▶ **Work request**: Apart from the pictures, every line below needs to be reproduced verbatim.

▶ **Collected material**:
#####
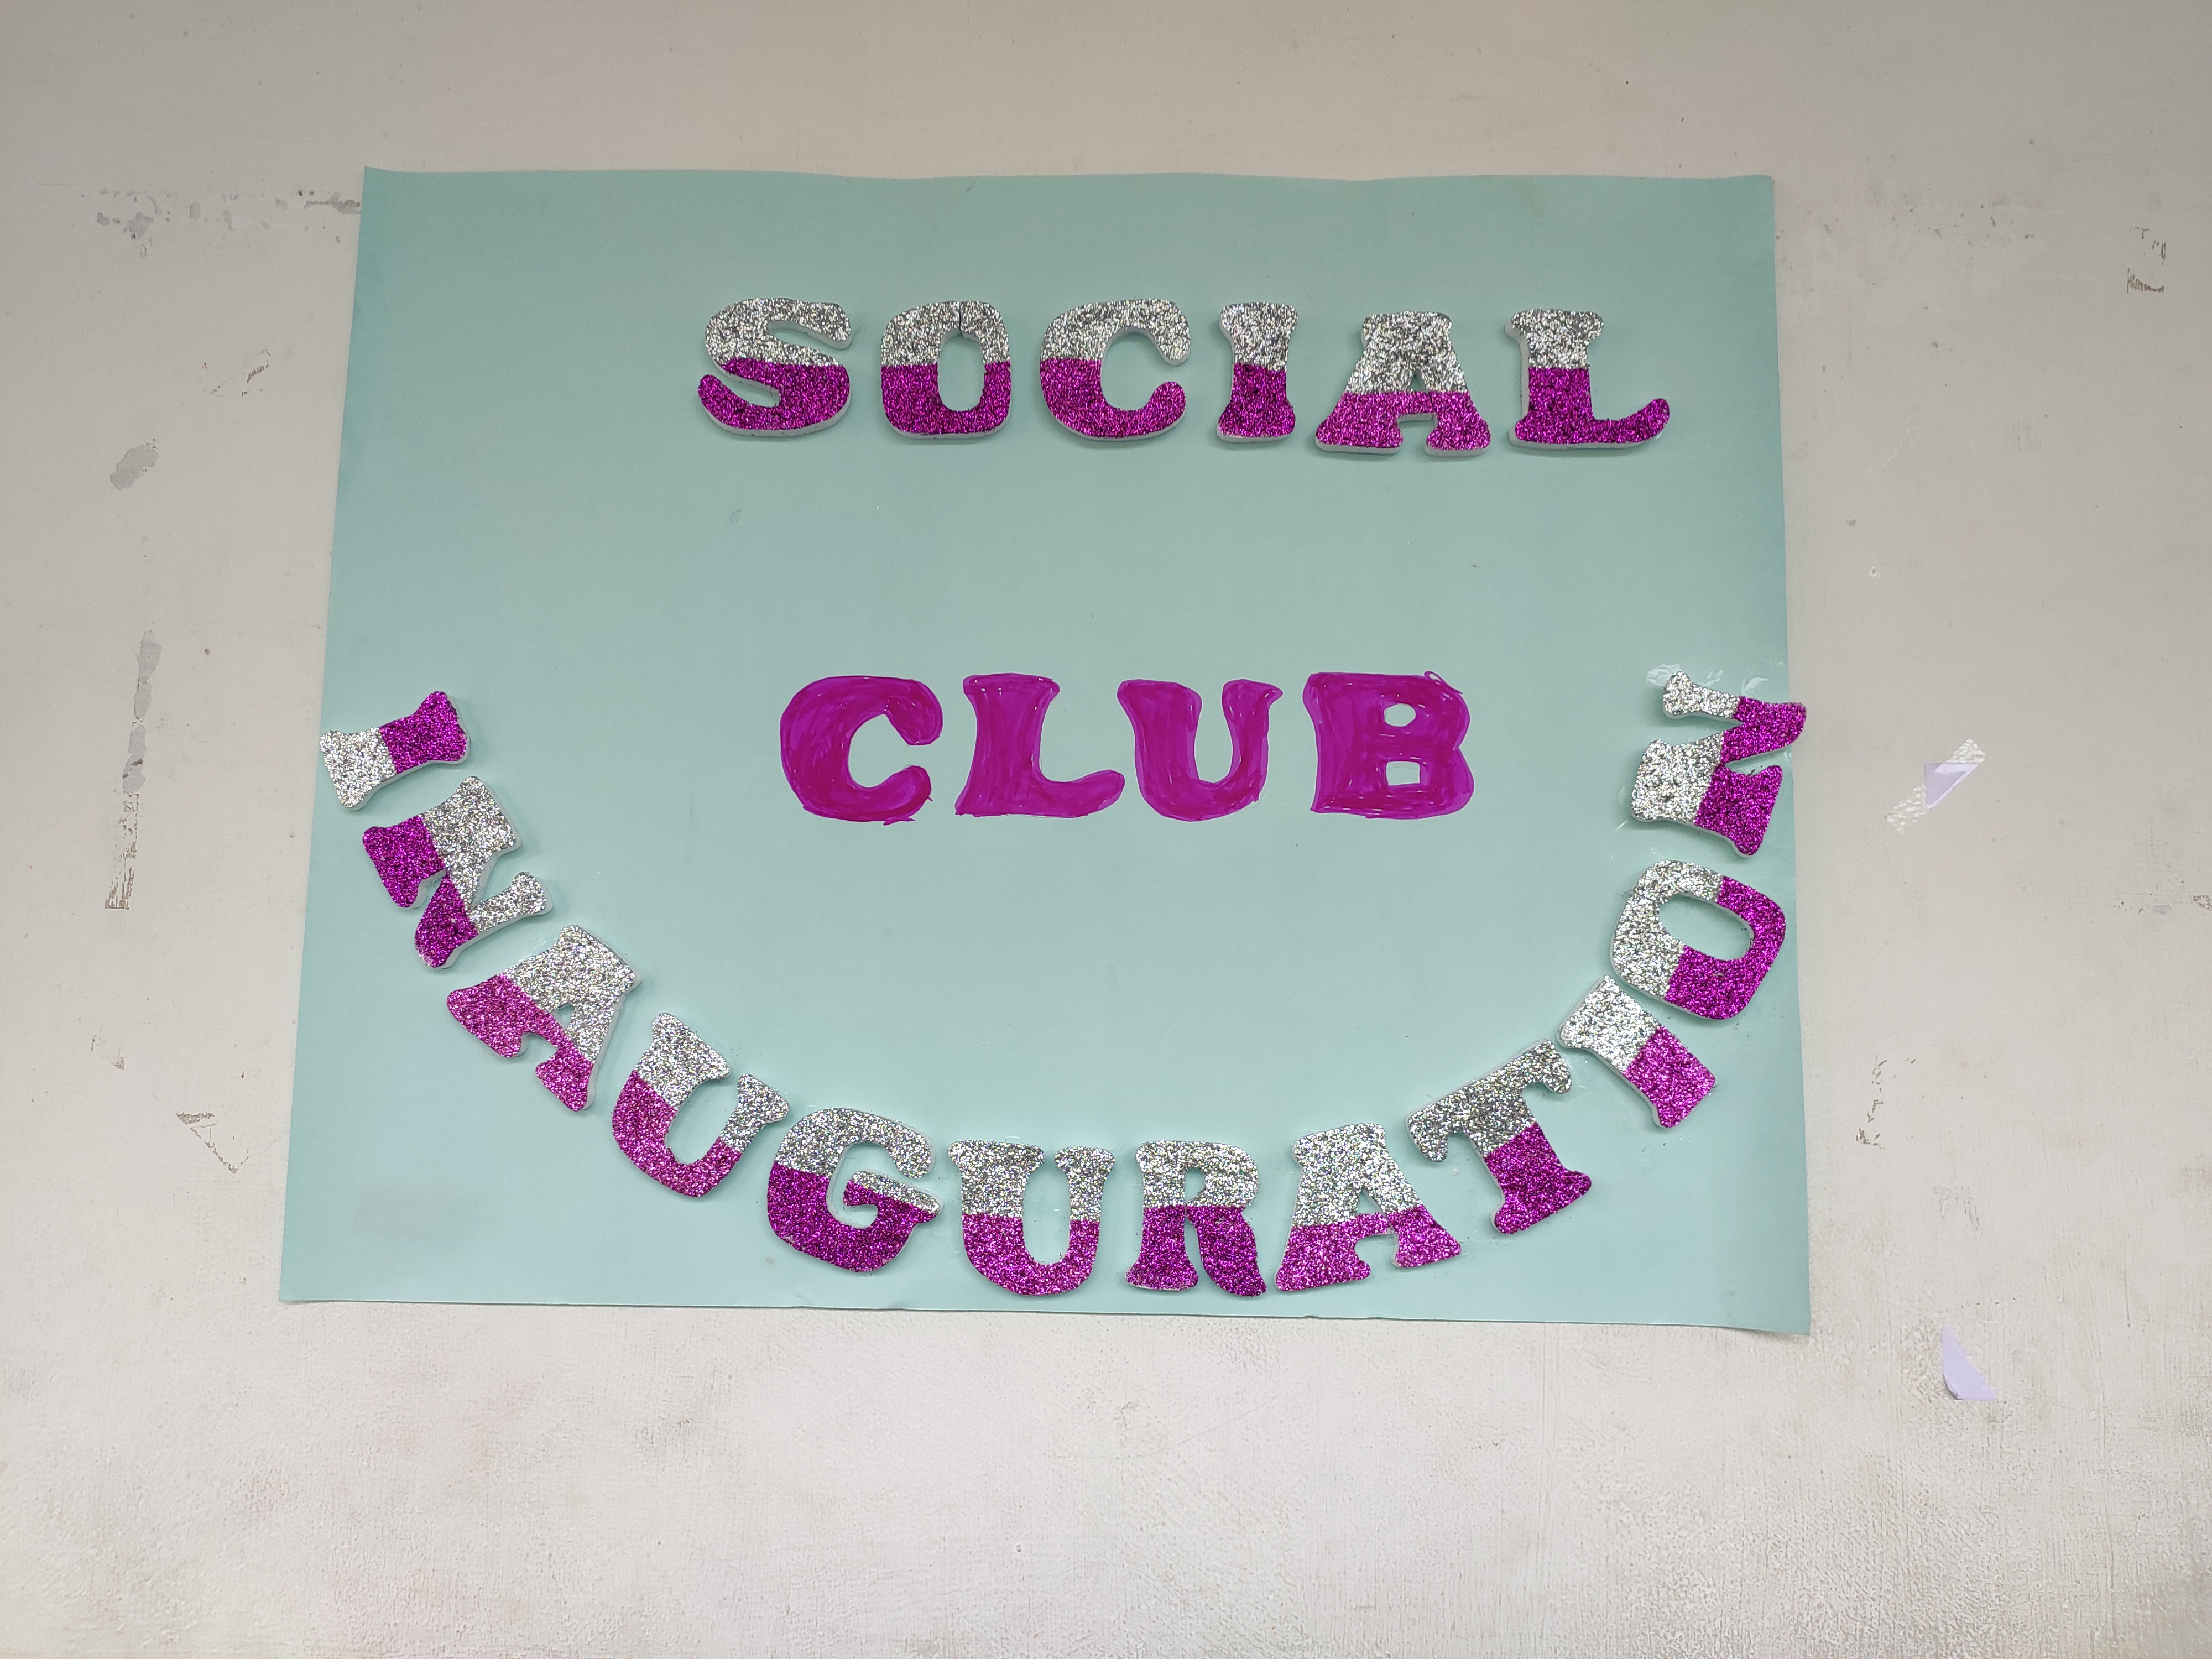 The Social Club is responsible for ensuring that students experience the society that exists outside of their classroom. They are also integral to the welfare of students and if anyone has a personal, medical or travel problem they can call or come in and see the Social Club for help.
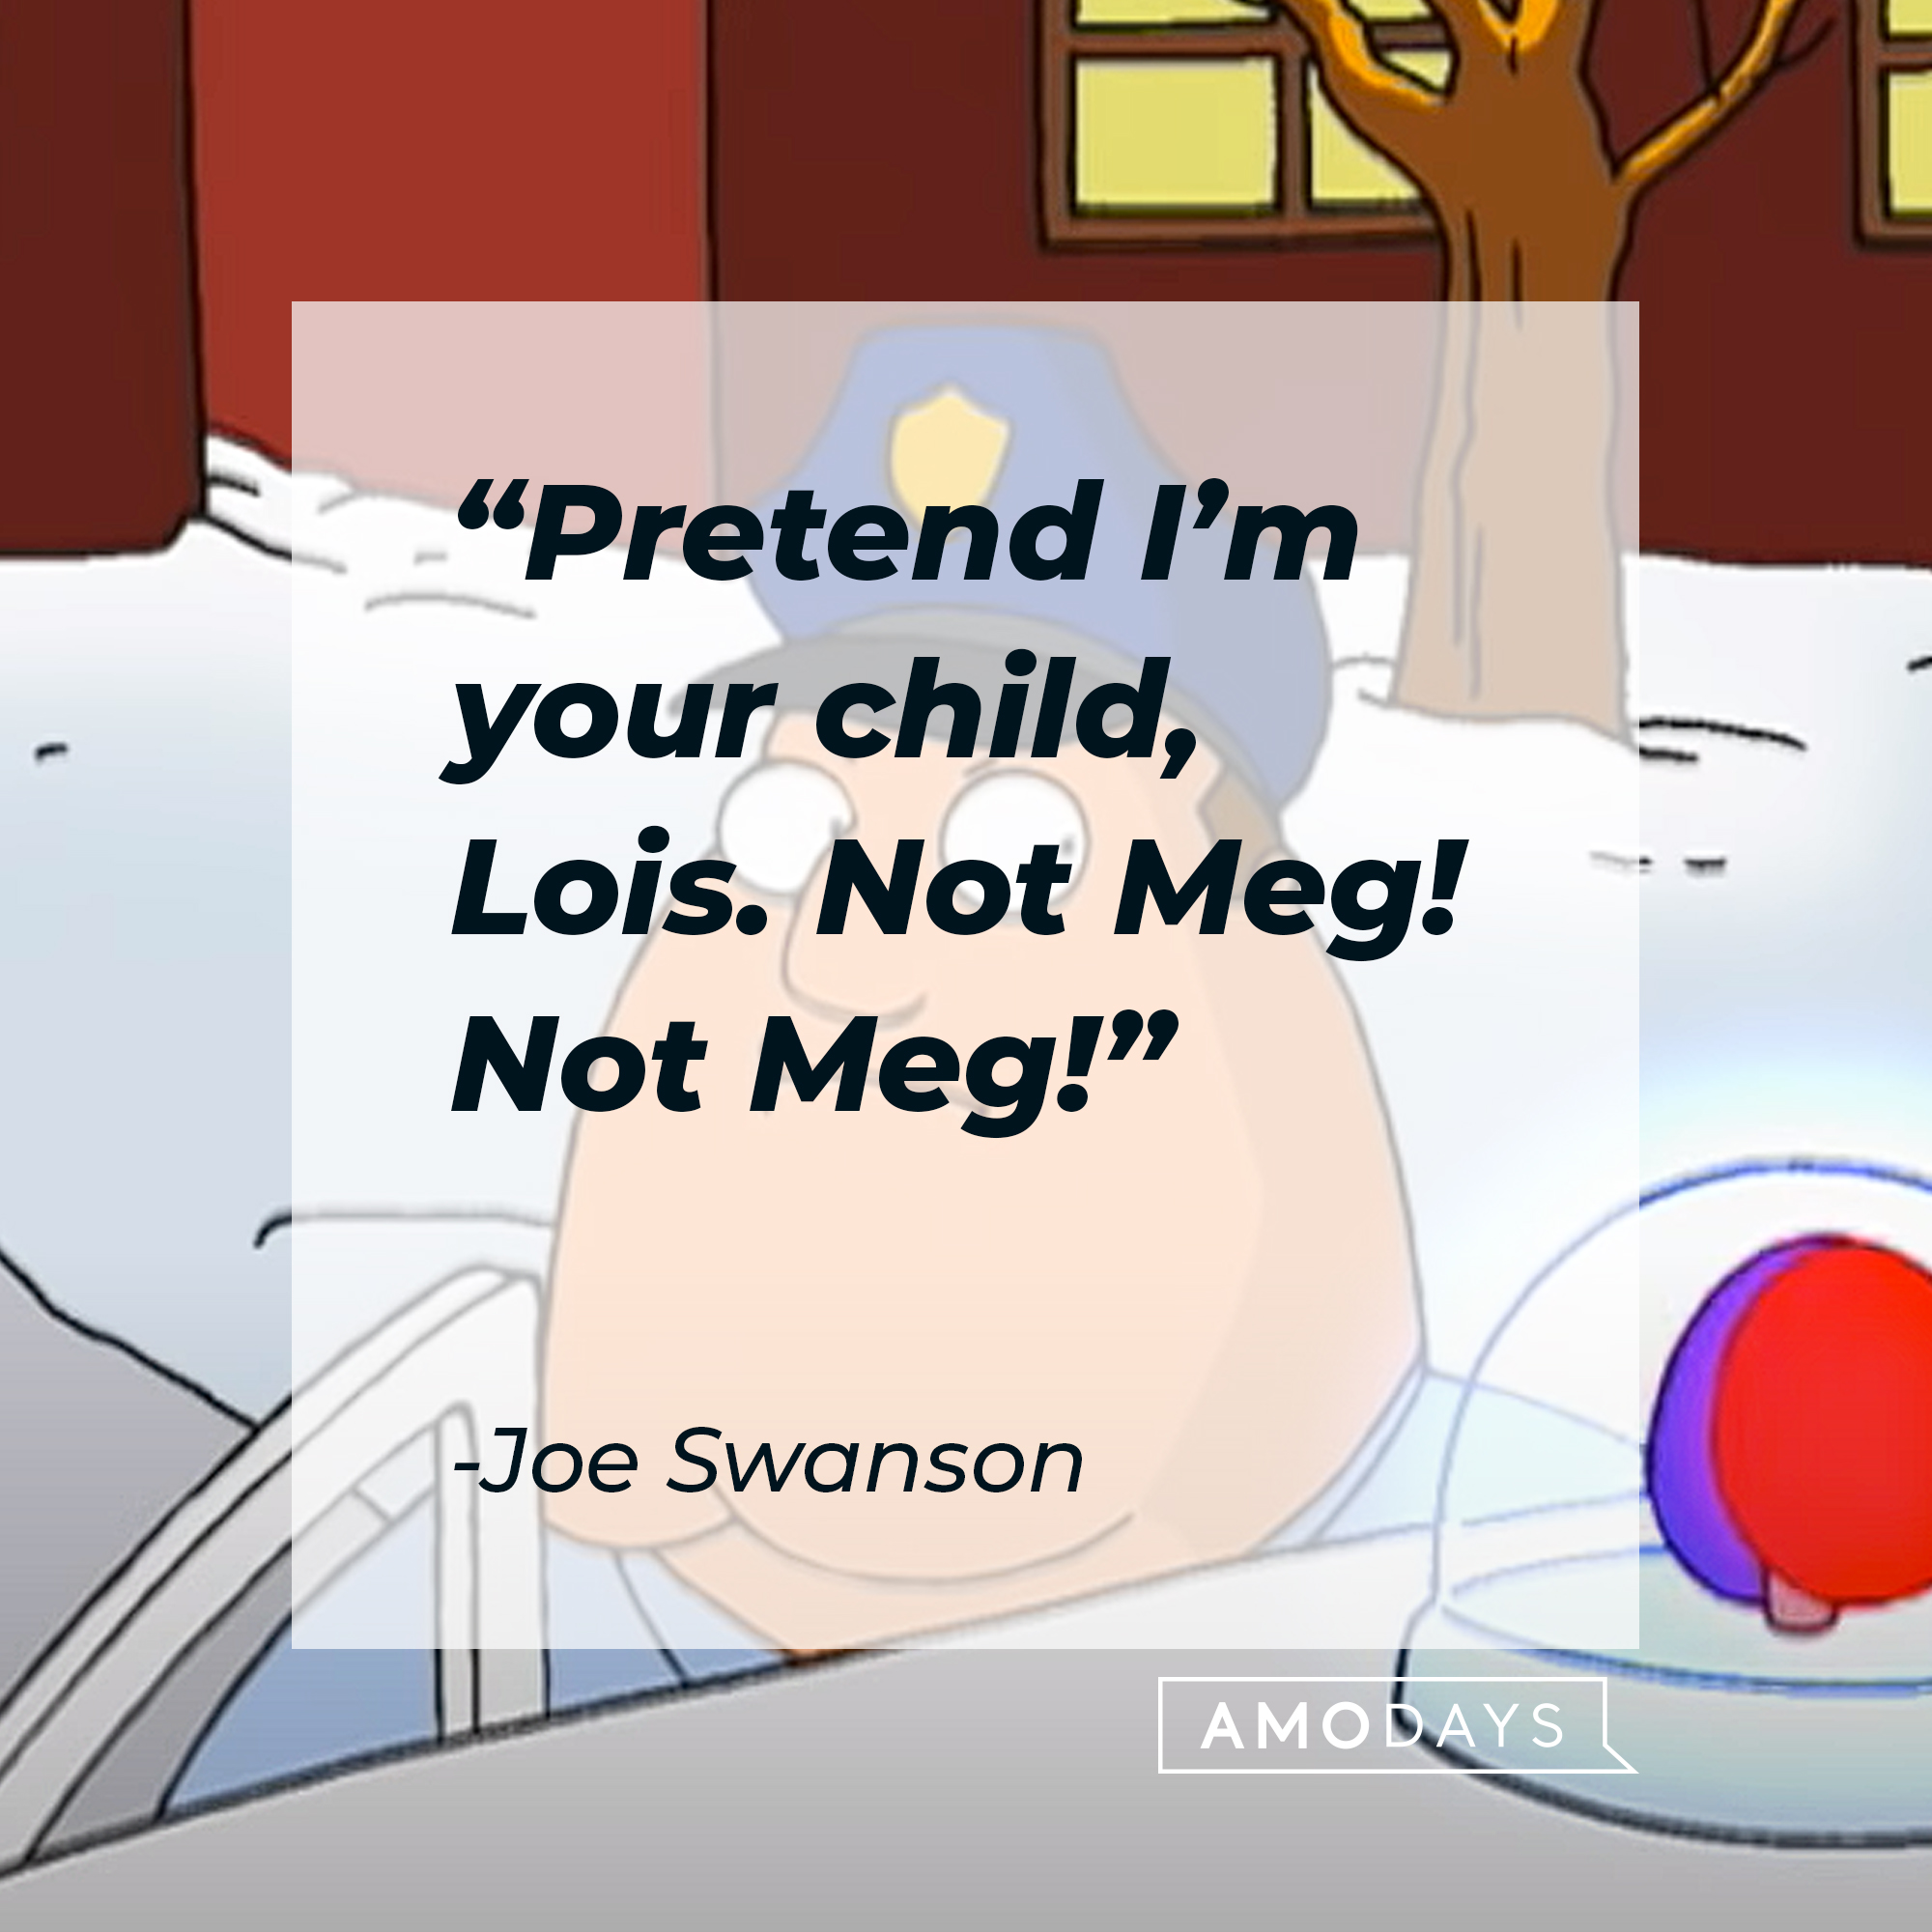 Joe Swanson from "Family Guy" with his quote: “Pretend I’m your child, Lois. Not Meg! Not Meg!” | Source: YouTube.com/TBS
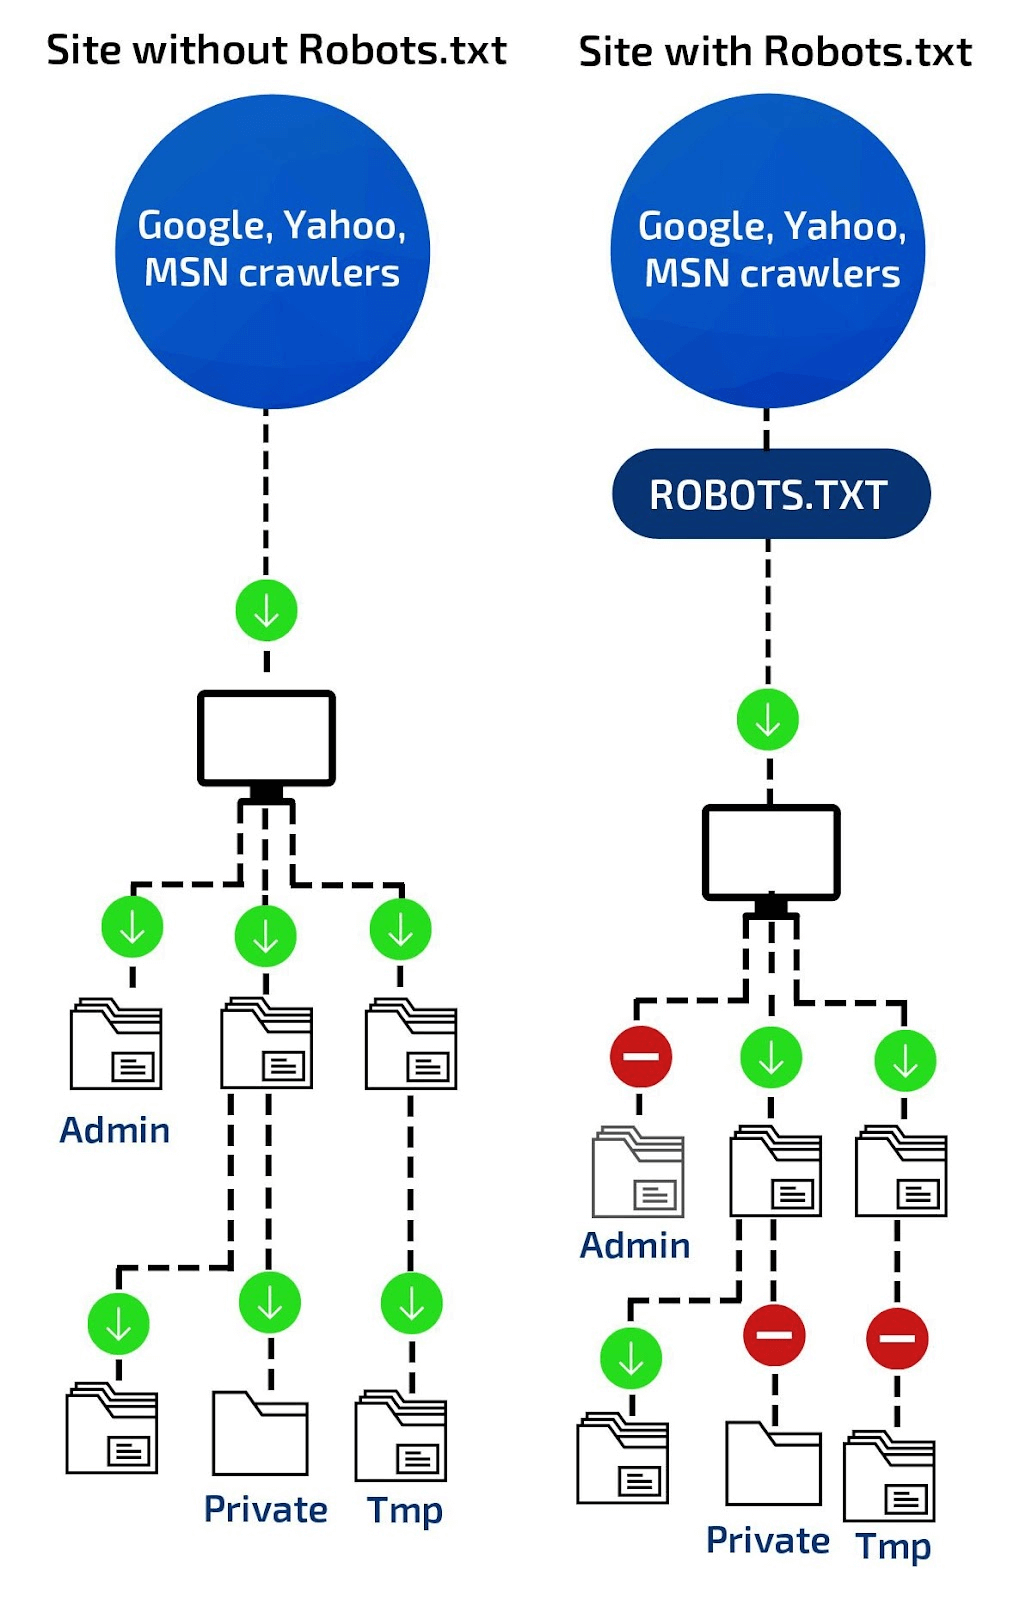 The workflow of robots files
#####
▶ **Task output**:
 The Social Club is responsible for ensuring that students experience the society that exists outside of their classroom. They are also integral to the welfare of students and if anyone has a personal, medical or travel problem they can call or come in and see the Social Club for help.
 Joe Swanson from "Family Guy" with his quote: “Pretend I’m your child, Lois. Not Meg! Not Meg!” | Source: YouTube.com/TBS
 The workflow of robots files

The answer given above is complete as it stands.